I need help solving the following system of ODE. The problem is not so much getting the final solution, but getting a clear view of the process to getting there.
The system is the following:
$$\begin{cases}
\dfrac{dA(t)}{dt} = -aA(t) \\
\dfrac{dB(t)}{dt} = aA(t) - bB(t) \\
\dfrac{dC(t)}{dt} = bB(t)\\
\end{cases} $$
I know that $A = A(0)e^{-at}$, but I cannot figure out the expressions for B and C.
Thanks in advance!
On
As you stated we have that $A = A_0 e^{-at}$. We determine $B$. The differential equation for $B$ is a linear first order differential equation of the form:
$$ \frac{dB}{dt} + P(t)B = Q(t) $$
with $P(t) = b$ and $Q(t) = aA_0e^{-at}$. The solution of such an equation can be obtained by using an integrating factor $I(t)$ such that:
$$ I(t) \left( \frac{dB}{dt} + P(t)B \right) = \left(I(t)B\right)' = I(t)Q(t) $$
such a factor can be found to be:
$$ I(t) = e^{\int P(t) dt} $$
Now we have:
$$ \left(I(t) B \right)' = I(t)Q(t)$$
Integrating both sides we get:
$$B(t) = \frac{1}{I(t)} \left[ \int I(t)Q(t) dt + C\right]$$
And so:
$$ B(t) = \frac{aA_0}{b - a} e^{-at} + \left(B_0 - \frac{aA_0}{b - a} \right) e^{-bt}$$
with $B_0 = B(t = 0)$. We can verify this is the correct solution by substituting into the first equation:
$$ \frac{dB}{dt} + P(t)B = -\frac{a^2 A_0}{b - a} e^{-at} - b\left( B_0 - \frac{aA_0}{b - a} \right) e^{-bt} + b \left( \frac{aA_0}{b - a} e^{-at} + \left(B_0 - \frac{aA_0}{b - a} \right)e^{-bt} \right)$$ $$ = \left(-\frac{a}{b - a} + \frac{b}{b - a} \right) a A_0 e^{-at} $$ $$ = a A_0 e^{-at} = Q(t) $$
This is a linear differential system of form $\dot{x}(t) = M x$, for below matrix $M$. The (matricial) solution for this ODE is $x(t, t_0, x_0) = \Phi(t, t_0) \, x_0$, such that matrix $\Phi(t, t_0)$ is called transition matrix.
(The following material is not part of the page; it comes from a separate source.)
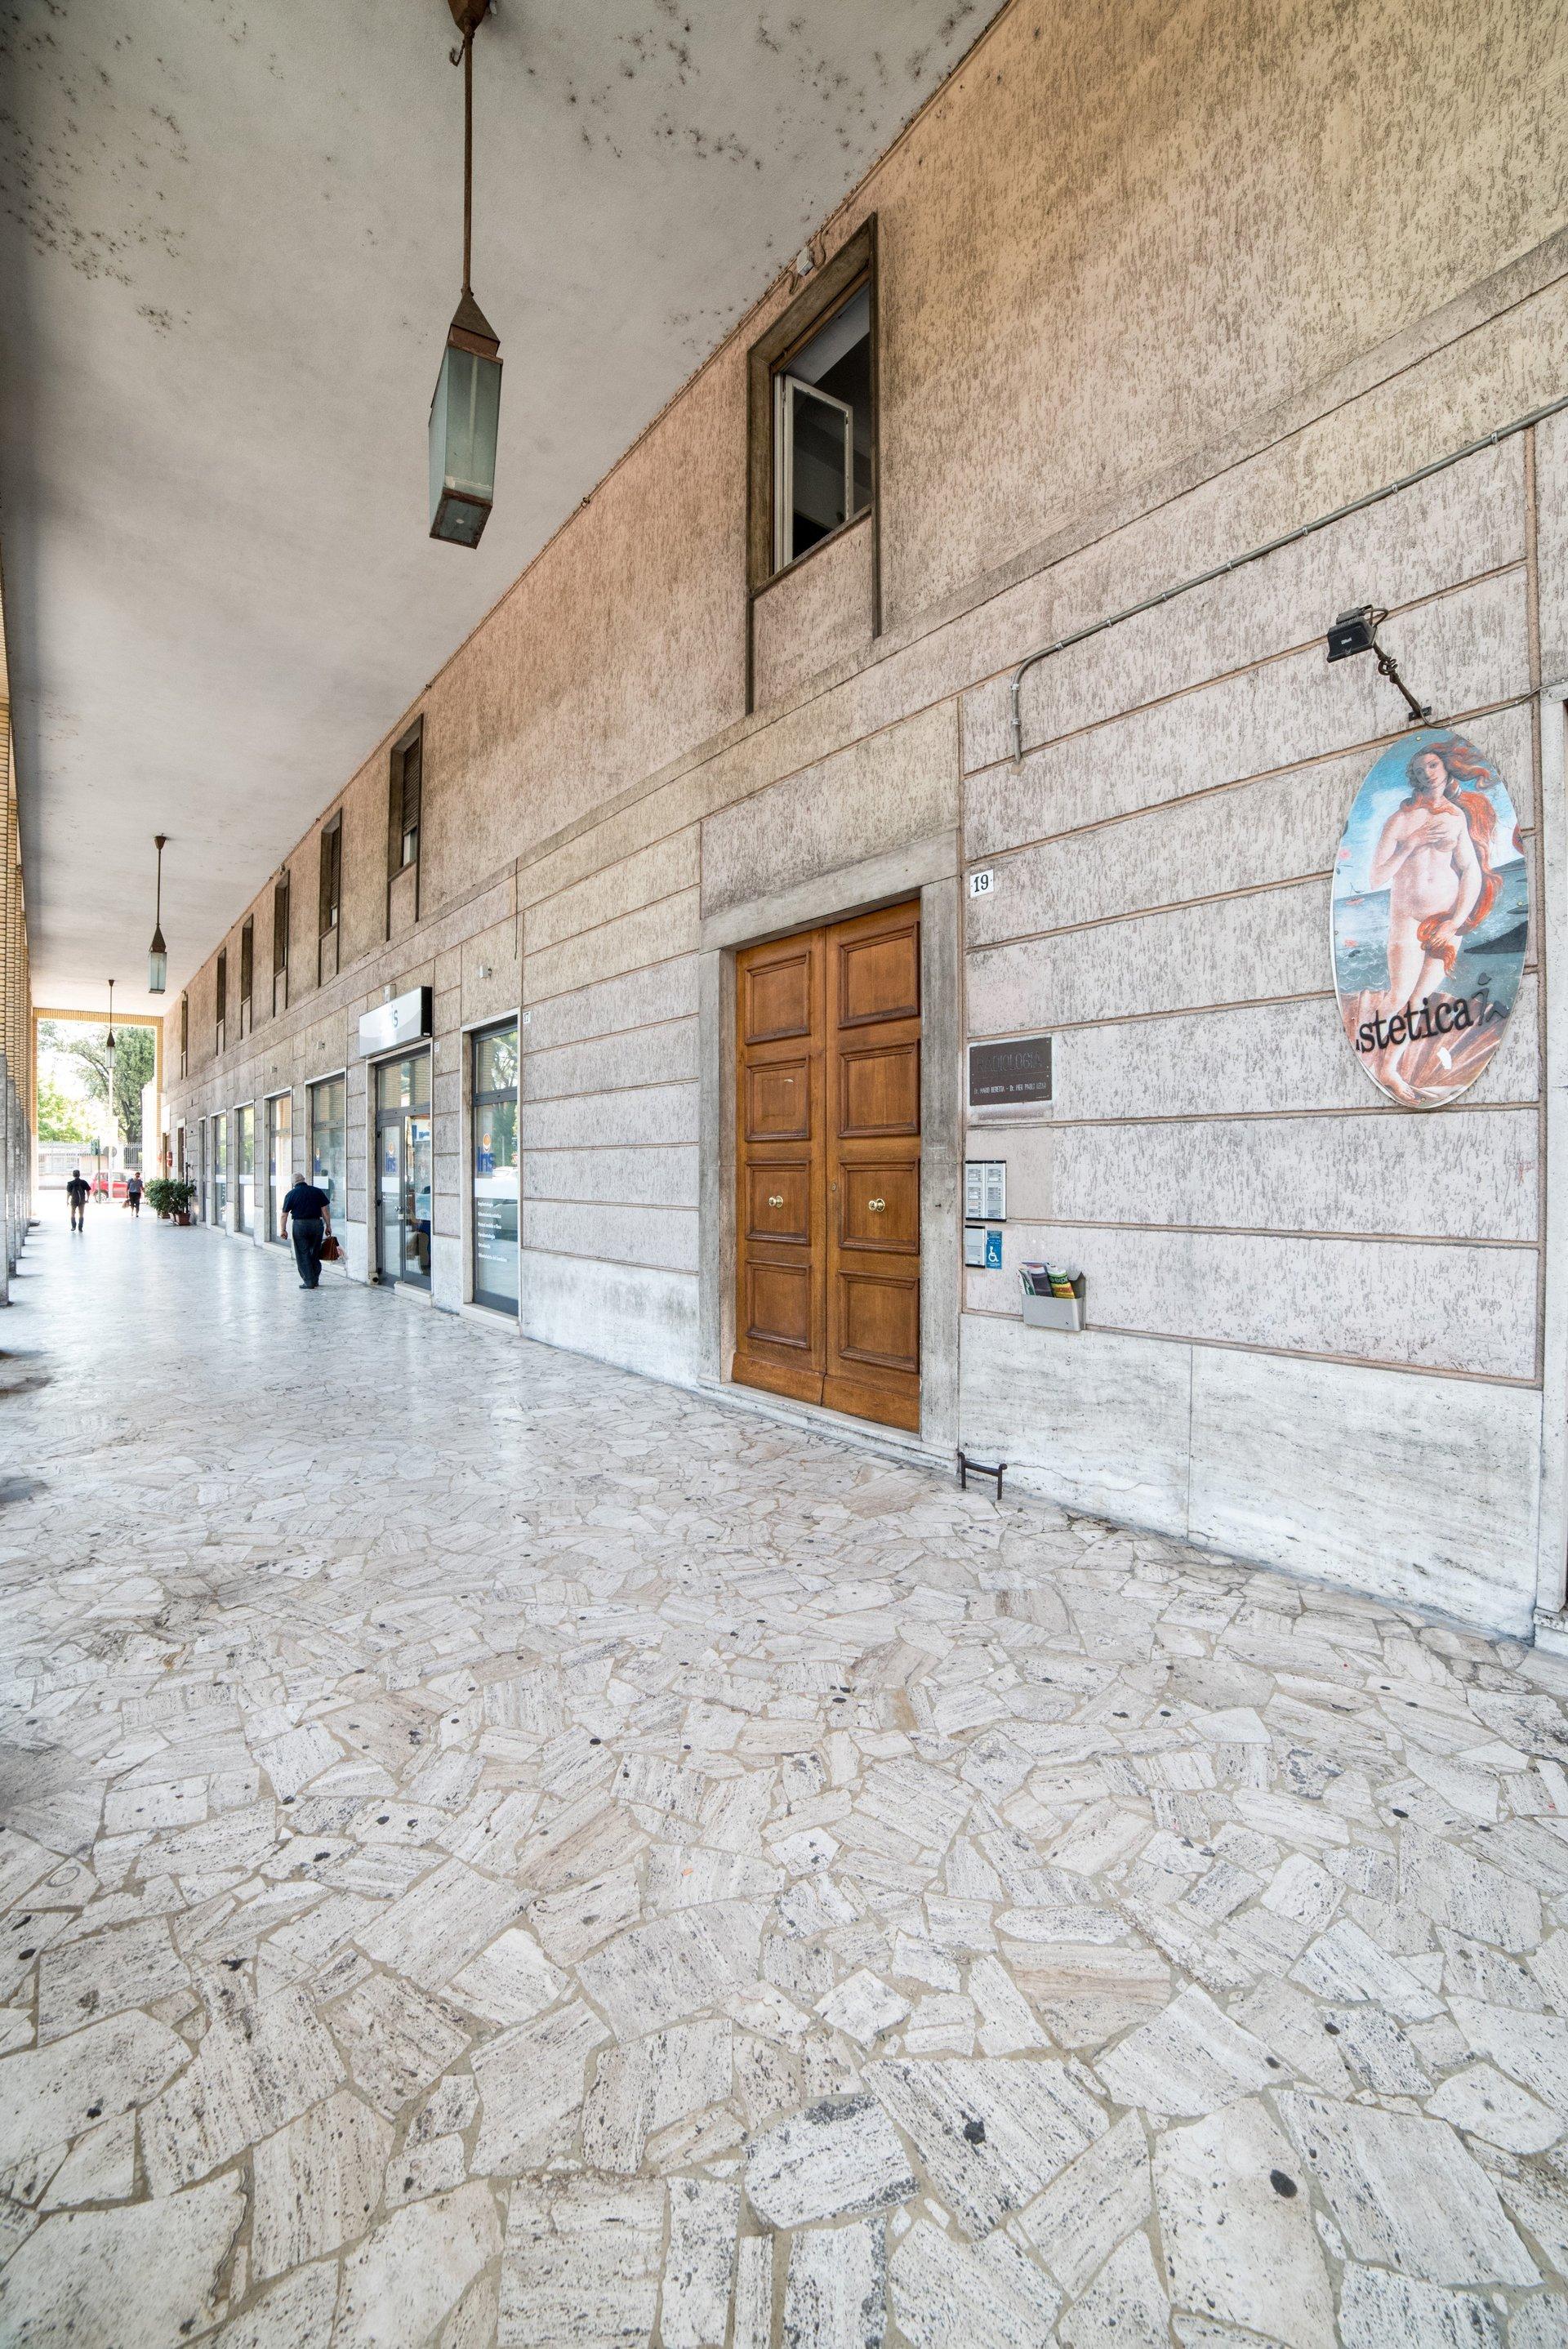 istituto radiologico beretta - ingresso studio medico

The transition matrix in this case is $\exp(M \, (t-t_0))$.
\begin{equation} M = \begin{bmatrix} -a&0&0 \\ a&-b&0 \\ 0&b&0 \\ \end{bmatrix} \end{equation}
There is no closed form based on exponential sum like you expect as an answer in general case. For this particular case, I performed the following Wolfram Alpha query for matrix $e^M$, let as call it N:
Therefore, the answer $x(t, t_0, x_0)$ you look for is given by $N^{t-t_0} \, x_0$